Al levantarme, siento una fuerte descarga recorrer mi espalda, como si me apuñalaran con una daga cargada con electricidad. Me arqueo y apoyo la mano para tratar de aliviar el dolor, entonces voy a lentos pasos hacia la cocina y veo un plato de sopa de pollo. Me acerco y compruebo que está lleno, no hay nadie en casa y sigue tibio como si lo hubieran hecho hace poco. Tomo asiento y comienzo a darle lentos sorbos, porque en realidad no tengo hambre pero resulta aliviador comer algo. Su sabor es bueno, nostálgico, nada exquisito pero muy agradable.

Lentamente, doy pequeñas cucharadas al plato hasta que veo que le queda poco contenido. Me aferro a aquel plato, presa del pánico de perder este momento de paz y tranquilidad.

Mis lágrimas se vierten en el plato y la sopa adopta un gusto tan salado que me veo obligado a echar las sobras a la basura. Hacer esto me produce un inmenso dolor, siento que estoy tirando algo más valioso que el oro, algo que no recuperaré jamás.

No he ido al trabajo por varios días seguidos pero ,por suerte, mi jefe ha decidido darme una semana de reposo, un gesto de hospitalidad bastante raro viniendo de él.

Me visto de manera muy desalineada, honestamente ignoro mi aspecto físico y prefiero usar cualquier cosa que me cubra de pies a cabeza.

Paso el día sentándome en un sillón, contemplando a través de una ventana, cambiándome a otro sillón para contemplar desde otra ventana y repito lo mismo todo el día hasta que cae la noche y mi prima regresa con su marido.

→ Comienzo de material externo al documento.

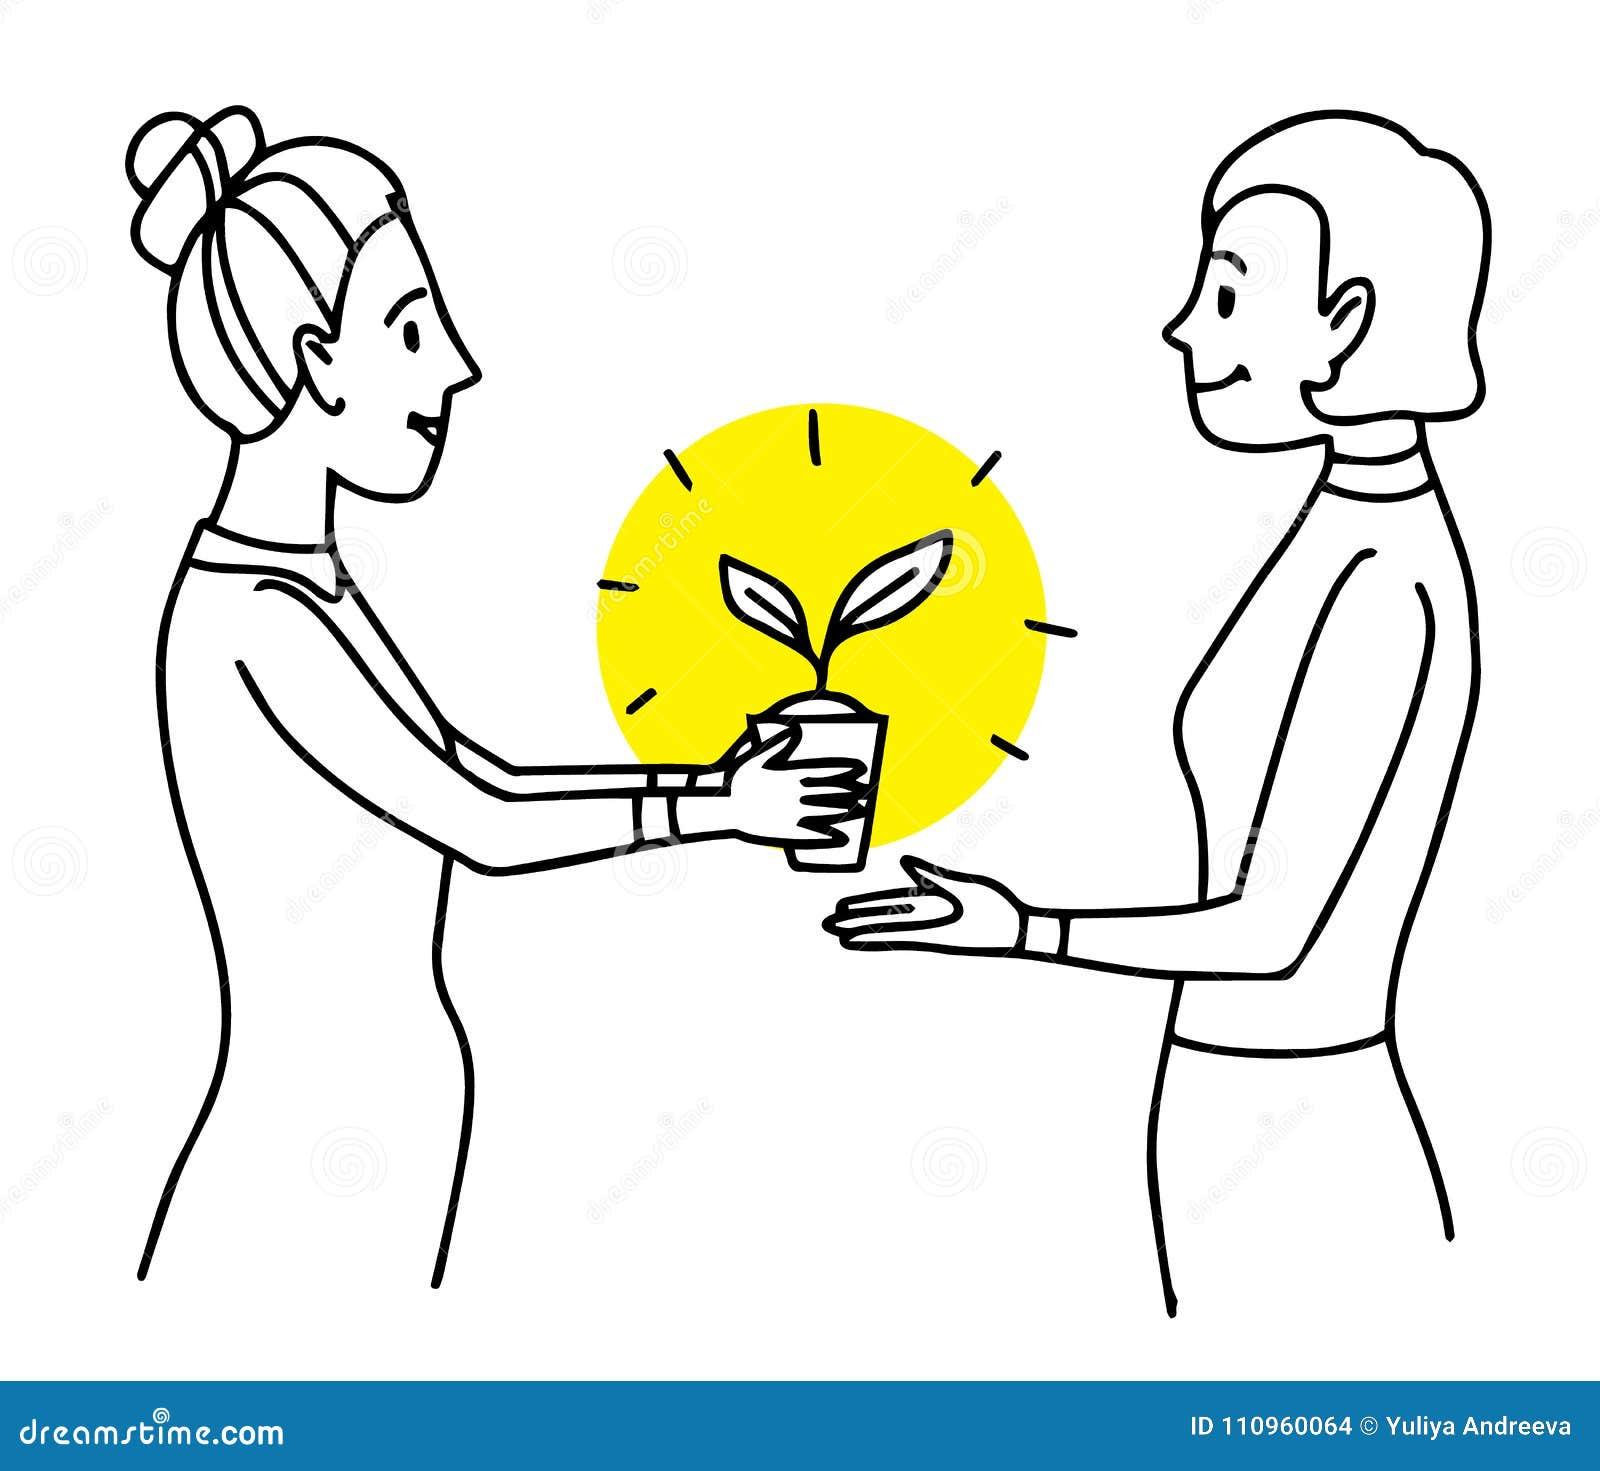 Mujer que da un pote con la planta a otra mujer Ejemplo de la situación de la forma de vida Dibujo de esquema aislado vector

 No hablamos mucho, simplemente saludo y me encierro en mi habitación, reviso mis mensajes y compruebo que el funeral de mi amante es mañana. Es tan doloroso pensar y reflexionar sobre los acontecimientos que hacerlo me hace llorar de manera casi instintiva.

Sorprendentemente tanto de no hacer nada me ha agotado y tengo sueño, cosa bastante inusual en mí. Acomodo el grumo que me molestó toda la noche, me acuesto como puedo y al rato duermo plácidamente, como si la cobija fuera más bien algún manto que me llena de tranquilidad y amparo.

El despertador suena a las siete de la mañana, el entierro es temprano. Visto un traje que es absolutamente negro, tanto que difícilmente una prenda se distingue de la otra. Parto hacia el cementerio y llego allí tras una hora de largas carreteras que me veo obligado a tomar por el hecho de que el accidente ha dejado un cráter de cinco metros de profundidad por nueve de ancho en la vía principal.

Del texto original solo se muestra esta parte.